Of course, unlike Mr Beckham's educational institute, the esteemed Brightfield Academy is not just some glorified warehouse at the side of the Thames. It is an outlandish environment, built with the level of imagination you would expect from a Wii game. In addition to more traditional pitches, you'll find wilder arenas where the goals are the gaping maws of monsters and medieval castles look down on the action from either side.

It’s a creative art style that is perfectly in keeping with the Wii's audience and carries across to the character design. All of the students from Brightfield Academy and the various other schools they face off against have a cartoonish look that makes the game instantly appealing to younger gamers and gives Academy Of Champions its own personality.

Ubisoft has even dipped into its back catalogue and introduced more familiar characters, redesigning them to fit in with the game’s artistry. So when they’re not running round the pitch as a bunch of plucky young child prodigies, players can fill the boots of Assassin’s Creed’s Altair, Splinter Cell’s Sam Fisher, Beyond Good And Evil’s Jade, Rayman and, of course, those notorious Raving Rabbids.

Further distancing Academy Of Champions from more serious football simulations, all of the students have a range of special moves that can give them an advantage. These are a mixture of both offensive and defensive and range from the more mundane, such as speed boosts and the ability to glide past the defence, to more acrobatic moves that include bending the ball around the keeper and a spinning tackle that knocks everyone flying.


Even the Ubisoft characters have special moves that play on their antics in their own video games. So, Sam and Altair have stealth attacks while Jade can stun the enemy team with her camera flash and the Rabbids can fire plungers that deliver the ball straight to the back of the net.

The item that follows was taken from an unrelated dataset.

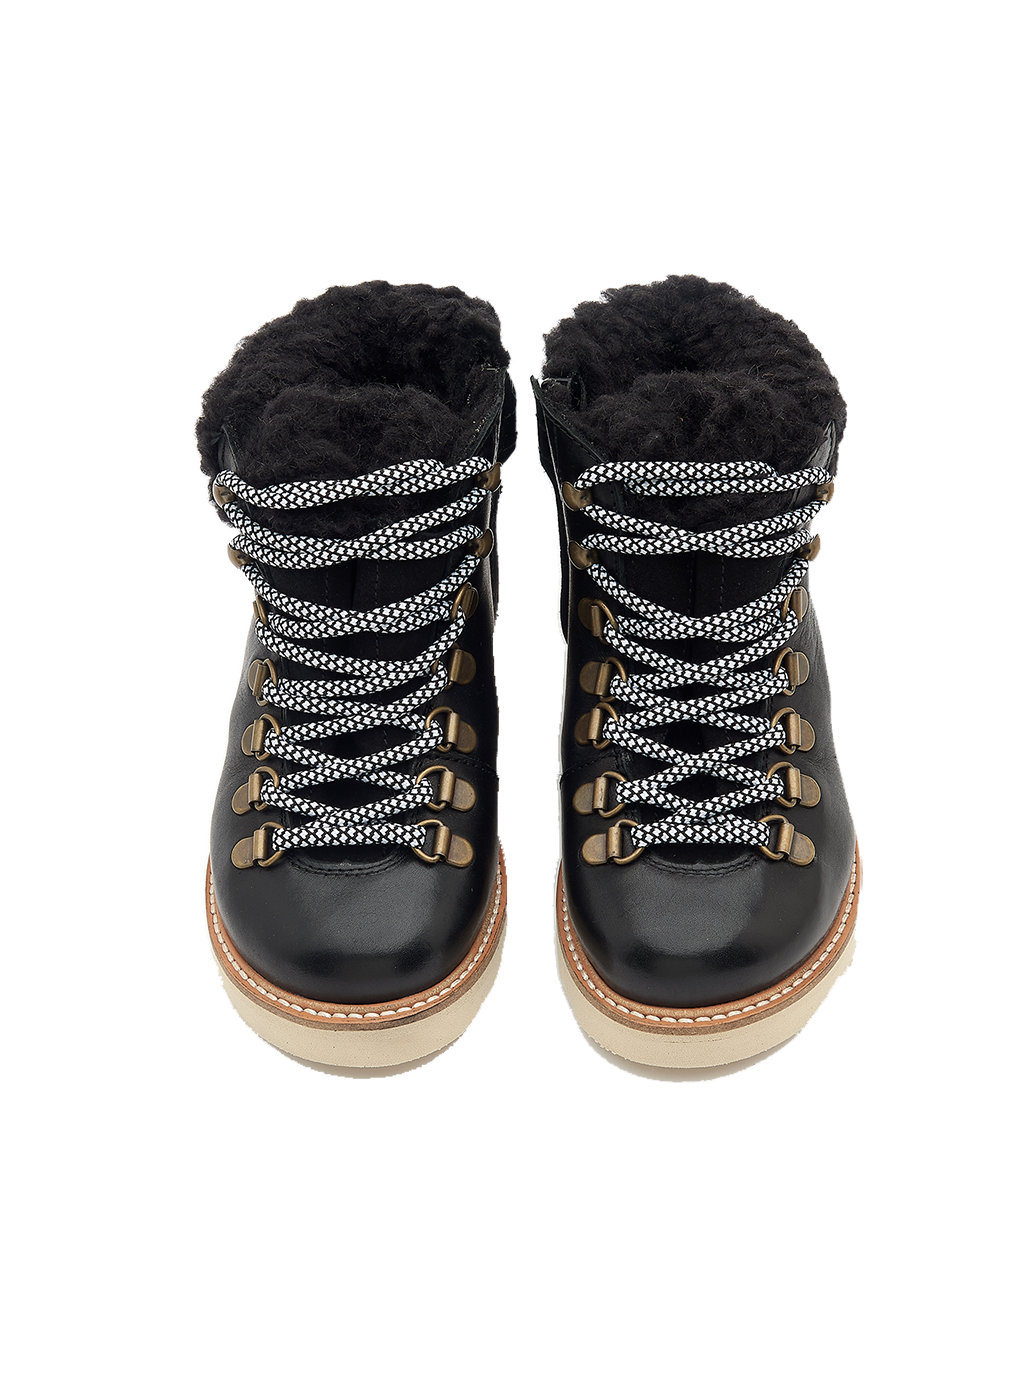 Eddie Fur Hiking Boots, insulated leather shoes

With celebrity endorsement very much the norm in sports games these days, it is to be expected that most of the game’s special skills are passed on from the true star of Academy Of Champions. Legendary Brazilian football star Pelé serves as the Academy’s headmaster. He teaches players everything there is to know about not only playing the game, but mastering it.

The majority of the gameplay takes place in five-a-side tournaments. Gamers must use every trick available to overcome the opposing team, progressing through the single-player mode’s storyline. As they advance through each match, they earn money to buy new equipment and upgrade their abilities.

Alternatively, there are 12 football-related mini-games to entertain players, challenging them to show off their skills at goalkeeping, shooting, passing, tackles and more. There is also a range of multiplayer modes supporting up to four players that allows friends to enjoy Academy Of Champions together.

As Ubisoft’s first major football title, Academy Of Champions has all the ingredients to make it a stand-out title, both in its genre and on the Wii. It’s wide appeal, fresh take on the sport and accessibility make it a strong contender for chart success when it arrives on shelves this September.